Alaska lawmakers have less than a month, until March 16, to vote down any of the dozen executive orders introduced by Gov. Mike Dunleavy at the start of the legislative session. One of those would replace the existing makeup of the Alaska Marine Highway Operations Board with the governor’s appointees.

Legislators have begun discussing and will take public comment on this particular order this week.

Dunleavy’s executive order 131, would give the governor the power to appoint all nine members of the marine highway operations board. Currently, four board members are appointed by the House and the Senate leadership. None of the members are subject to confirmation by the Legislature.

Ryan Anderson is the commissioner of the state’s Department of Transportation and Public Facilities.  He told legislators during a Senate Transportation Committee hearing Tuesday that the executive order will not change the overall number of members nor the requirements to be a board member.

“The governor, myself, and I believe all of Alaska, would like to see this operations’ board, you know, contribute meaningfully to improvements and services and reliability to the Alaska Marine Highway System,” Anderson said. “We feel that the dynamics of the board have prevented it from performing many of the statutory duties.”

DOT Commissioner Ryan Anderson spoke before the Senate Transportation Committee on Feb. 20, 2024. (Eric Stone/Alaska Public Media)

State officials also expressed concern over what they say is the board’s lack of strategic planning for the long term future of the marine highway system. State Rep. Louise Stutes, a Republican from Kodiak, originally proposed the bill that created the Marine Highway Operations Board three years ago to help address this issue. Since being established, the board has met 24 times, between 2022 and today. The Marine Highway Operations Board replaced the former and somewhat ineffective Marine Transportation Advisory Board.

Anderson said that allowing the governor to appoint all members of the board will ideally make the Alaska Marine Highway System more efficient overall. When he first announced his executive orders, Gov. Dunleavy said in a statement, the reason for all 12 is to, “make state government as efficient and effective as possible.”

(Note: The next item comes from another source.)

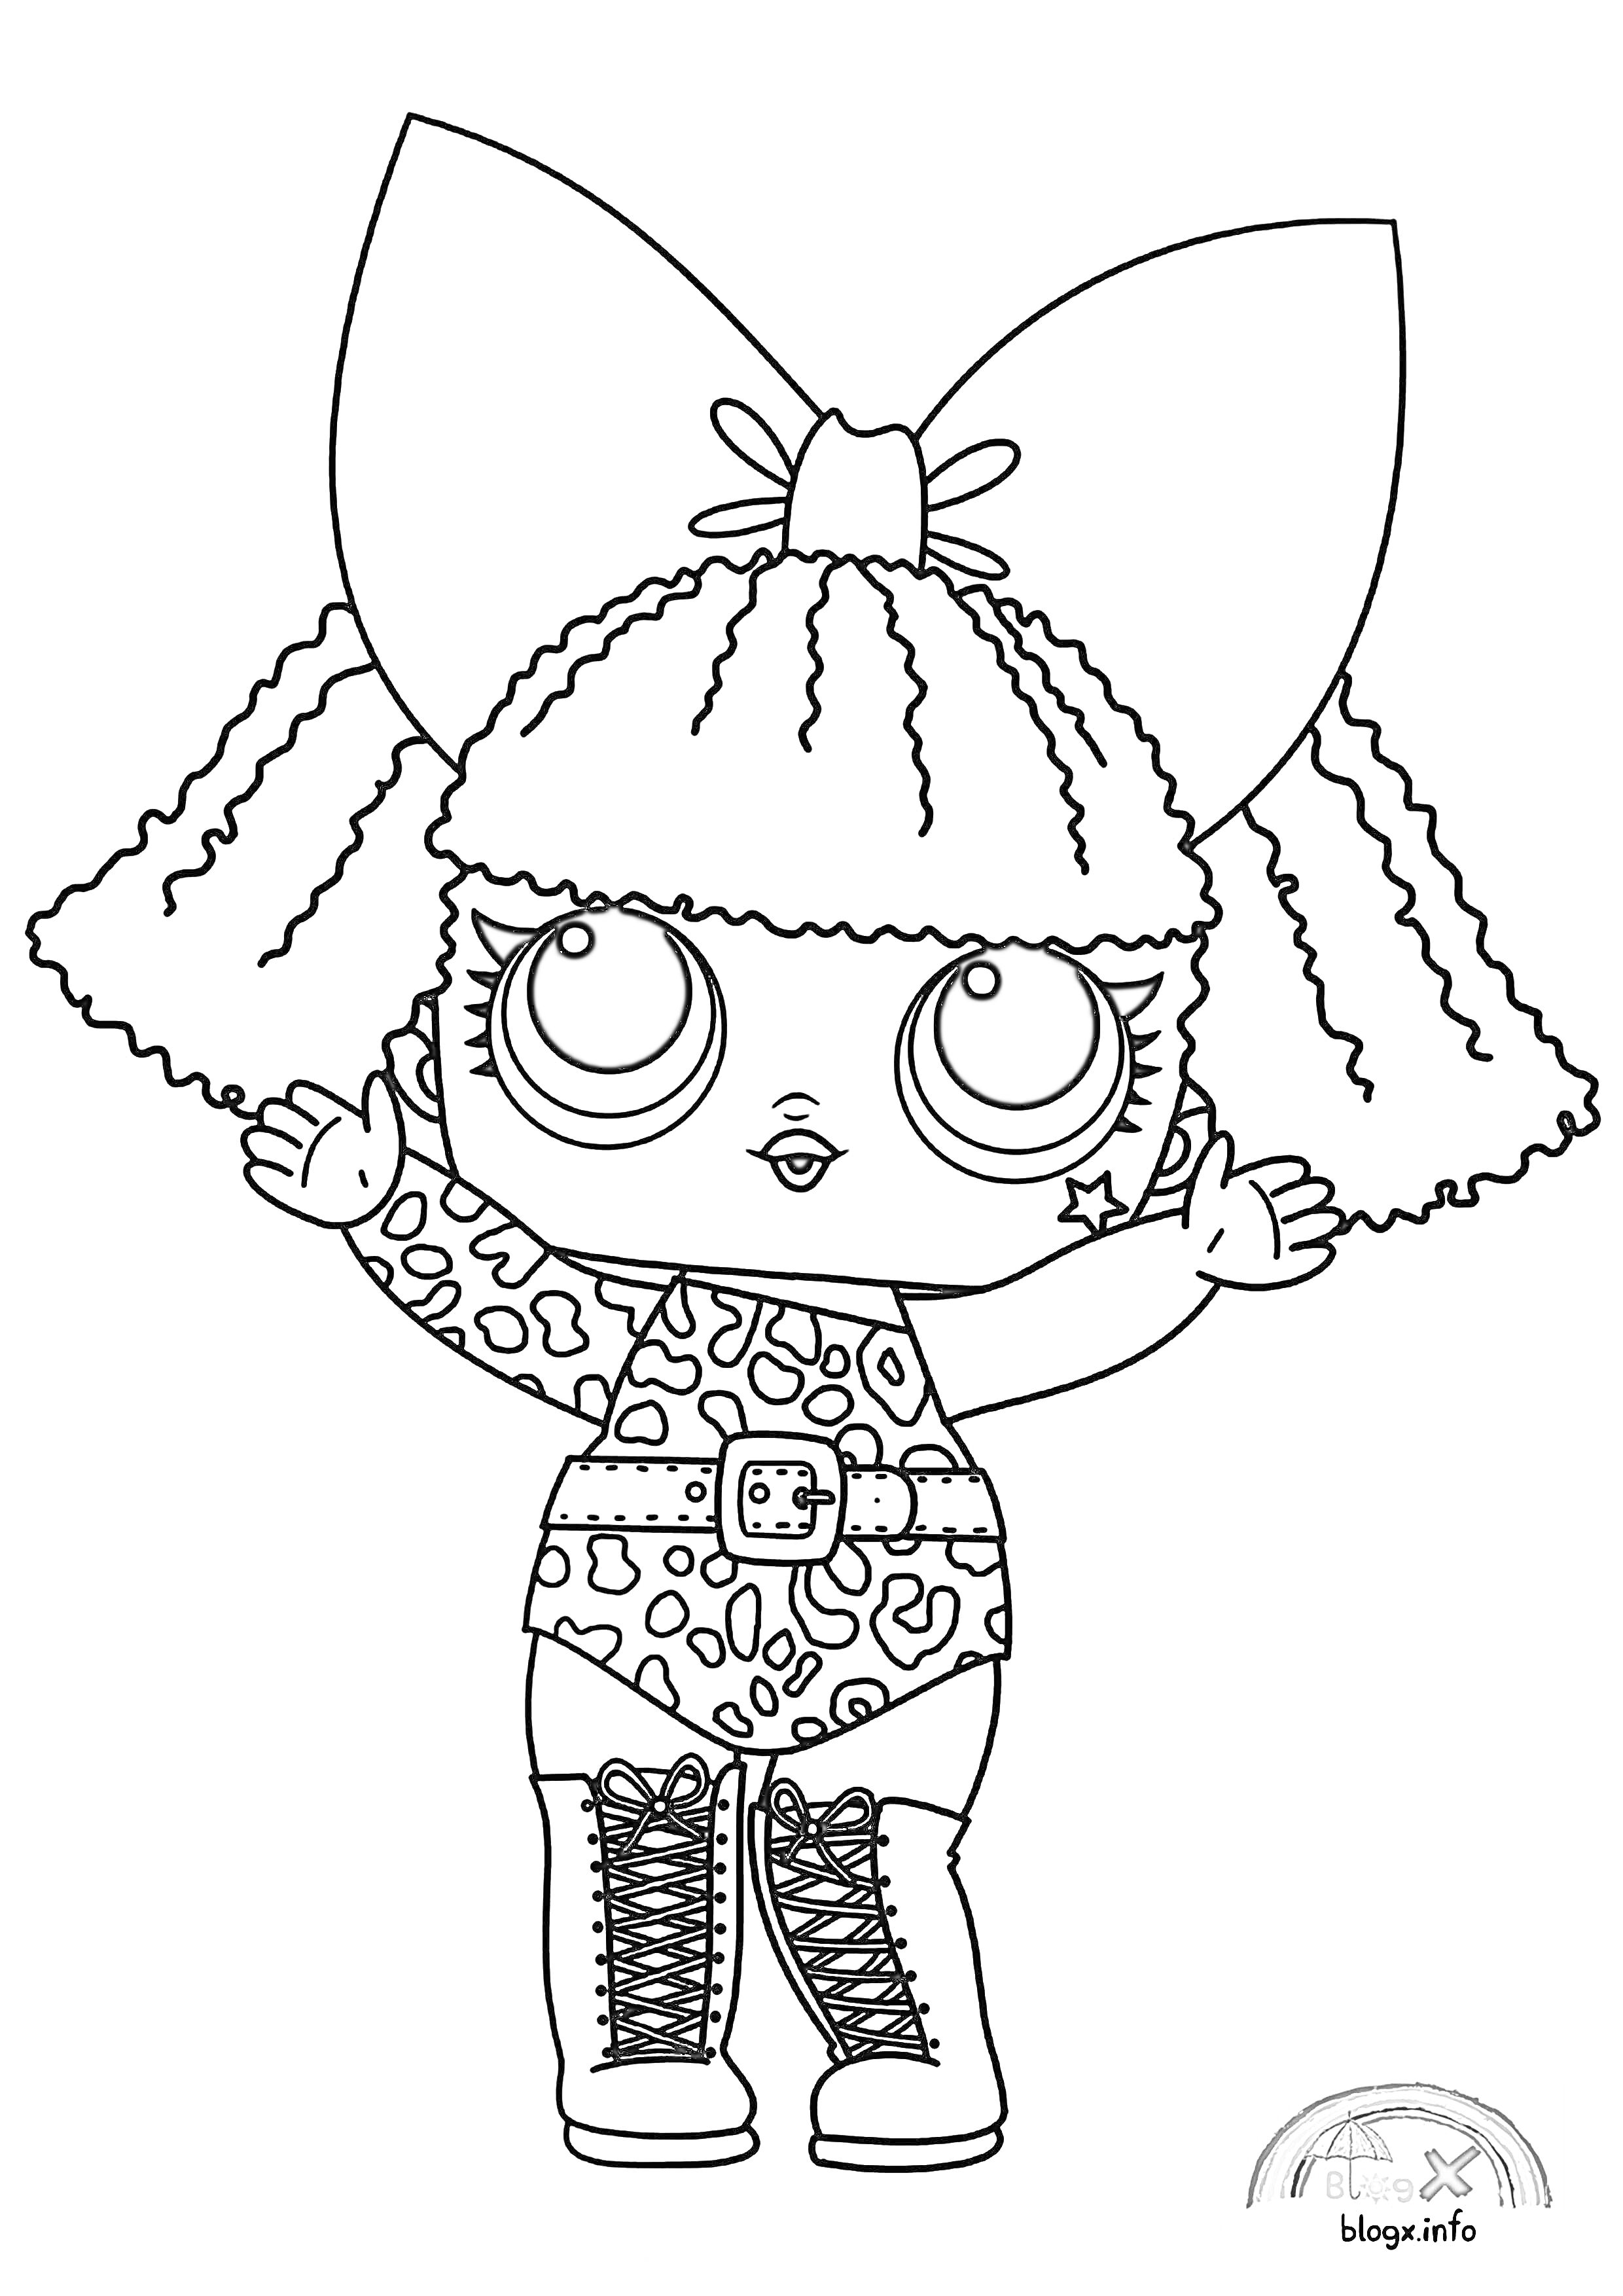 Раскраска кукла лол с бантом на голове, наряд с зебровым принтом, ботинки на шнуровке

Alaska Department of Law attorney Parker Patterson also participated in Tuesday’s committee hearing. He says it’s the department’s opinion that the governor should have the power to appoint members to the board, as those confirmations fall under the executive branch.

But some of the legislators on the transportation committee, like Senator Loki Tobin a Democrat from Anchorage, were hesitant to support removing the public’s involvement from the board process by taking the appointment power away from leadership in the House and Senate and giving it solely to the governor.

“I could understand if we were moving toward a confirmation-able process so that there could be more public input, more opportunity for the public to engage; instead of moving toward where it’s all held within the executive branch,” Tobin said.

Despite the executive order from Governor Mike Dunleavy unveiled on January 16, it’s possible that the Legislature could vote to prevent this and other board changes from taking effect this summer on July 1, 2024. However, legislators only have 60 days from when the executive order was announced, or until mid-March, to call a joint session and obtain the majority vote.

A public comment period is scheduled for Thursday afternoon at 1:30pm on Feb. 22 for folks to weigh in on the executive order. Alaskans can contact their local legislative information office (LIO) for more details.